A Canadian dollar's just not what it used to be. Today, for the first time in four years, the Canuck currency closes below parity with its U.S. counterpart. Citing political uncertainty and lower interest rates, foreign companies dumped their dollars, which as recently as April 25, 1974, sold for $1.0443 US The last time the dollar closed above par was the day before this clip aired, on Nov., 25, 1976. It would be the last time for three decades that a Canadian dollar was worth more than a U.S. dollar.

Medium: Television
Program: The National
Broadcast Date: Nov. 26, 1976
Host: Peter Kent
Duration: 0:29
This is the audio of a TV report for which video is unavailable.

Did You know?


• The political uncertainty cited in this clip refers to the fact that just ten days earlier the Parti Québécois won its first majority government in the Quebec provincial election. According to the Bank of Canada's history of the dollar, this "prompted markets to make a major reassessment of the Canadian dollar's prospects." Shifts in commodity prices, interest rates and changing monetary policy also affected the value of the currency.

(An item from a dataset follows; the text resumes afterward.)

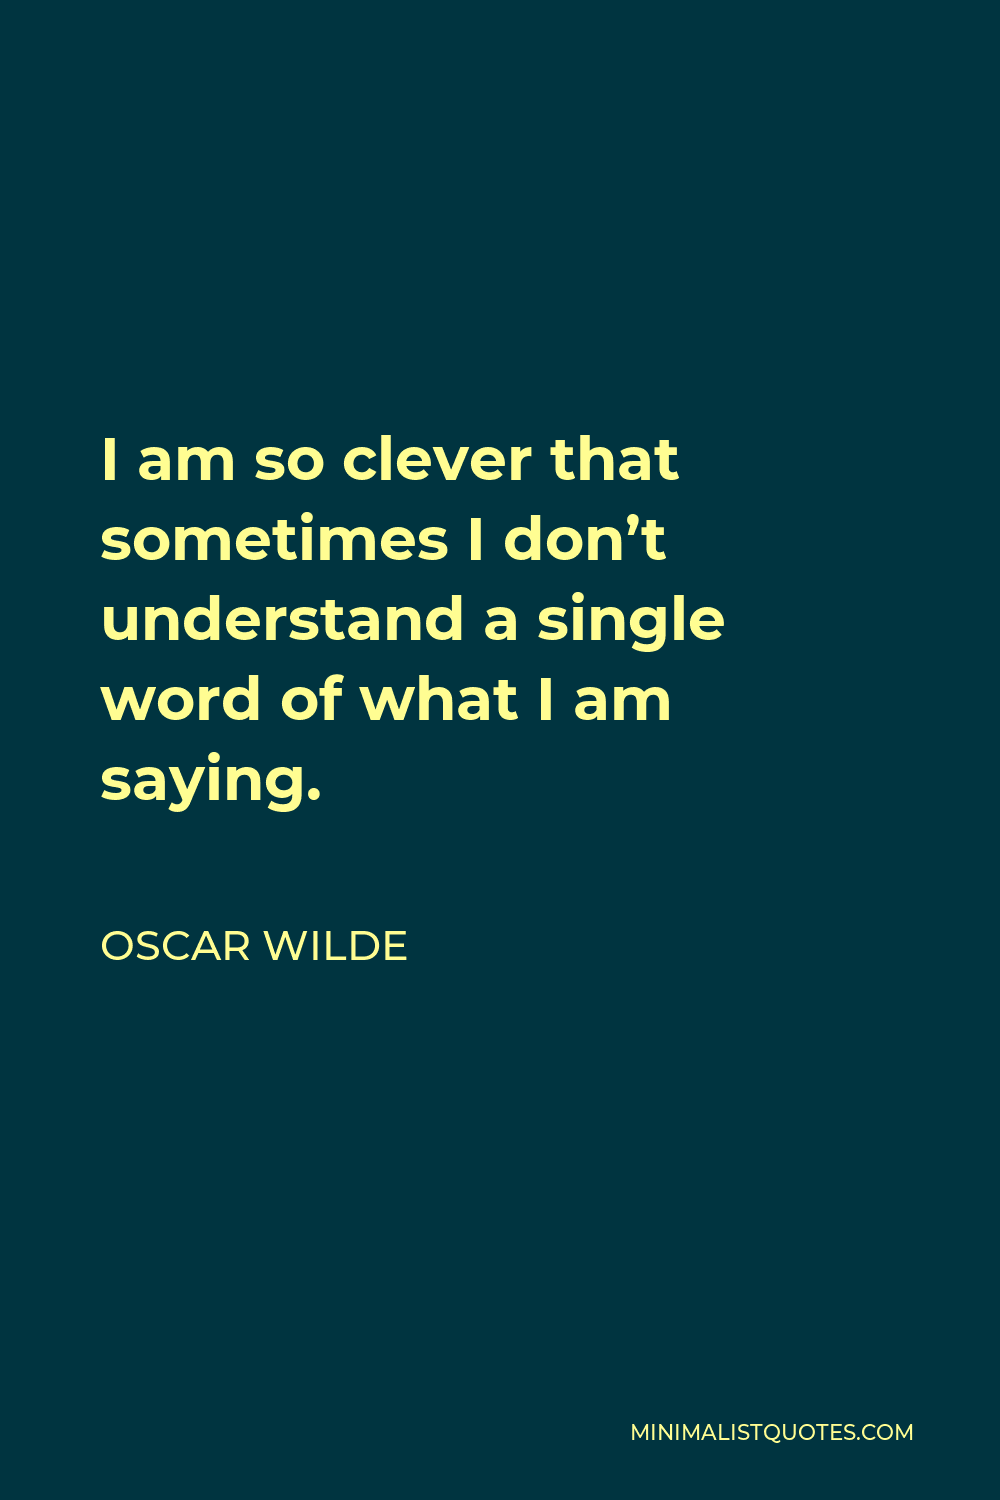 Oscar Wilde Quote - I am so clever that sometimes I don’t understand a single word of what I am saying.
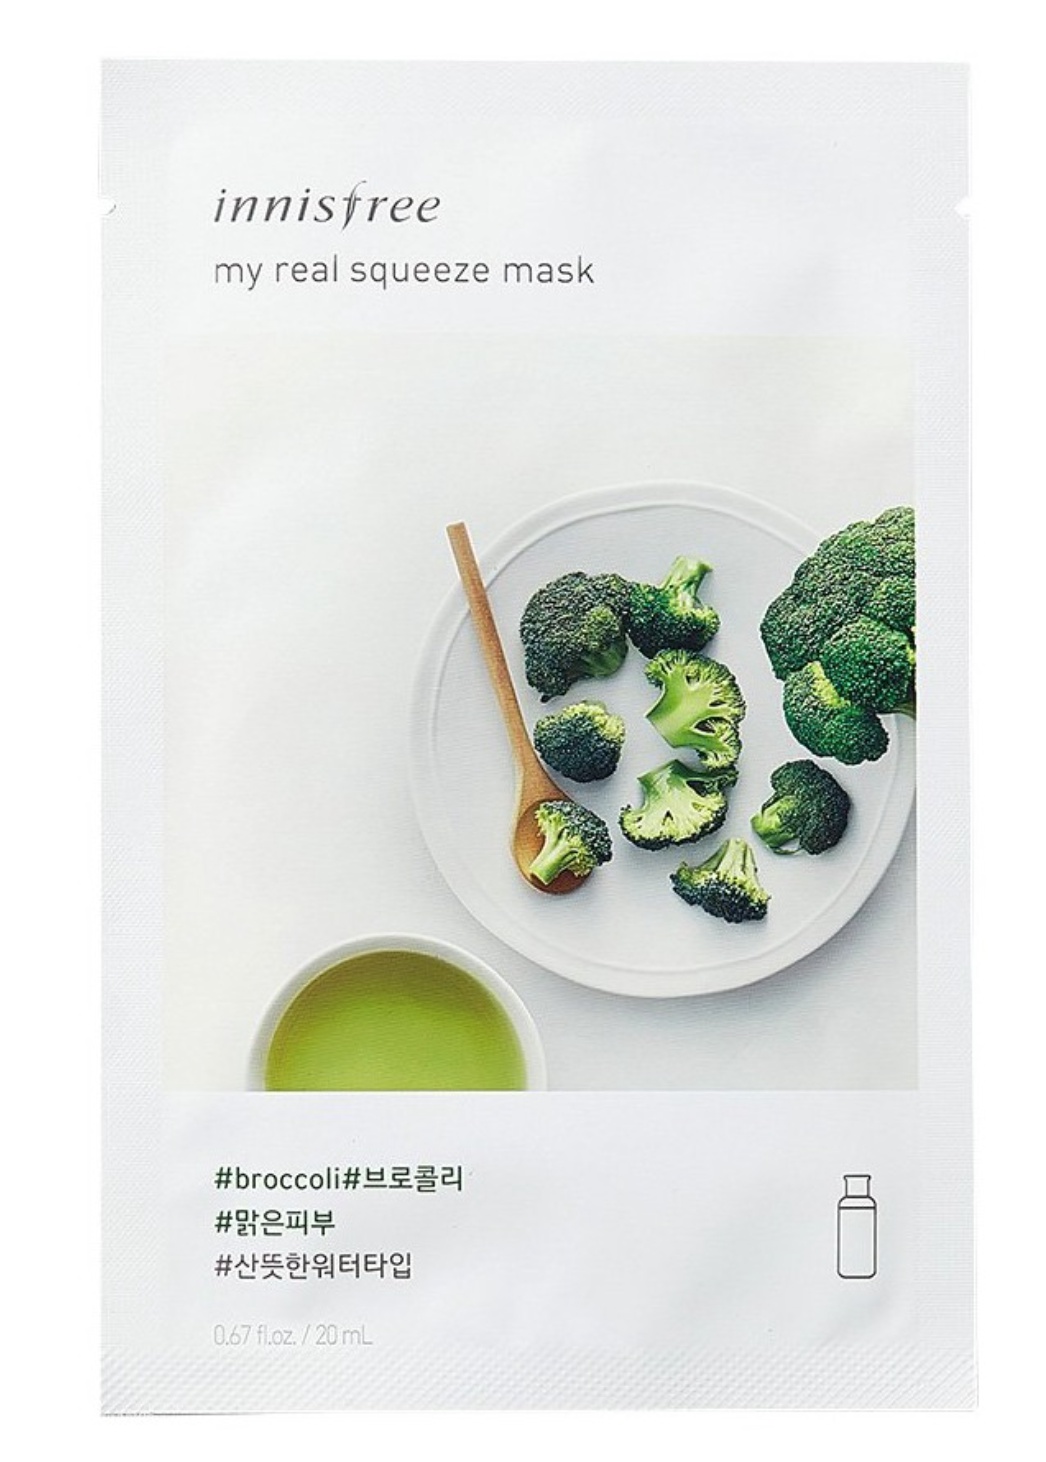 innisfree My Real Squeeze Mask Broccoli

• The sell-off of Canadian dollars described here was not short-lived. In the following two years, the dollar fell below $0.84 US, even as the U.S. dollar was also depreciating against other world currencies. By 1982, the dollar had fallen further still to $0.77 US and in 1986 reached a new low of $0.6913 US.

• Although the dollar rebounded by 1991 to trade at $0.89 US, it hit its historic bottom at $0.6179 US in 2002.

• Just five years later, on Sept. 20, 2007, the dollar rocketed up to trade at par again for the first time since this clip aired.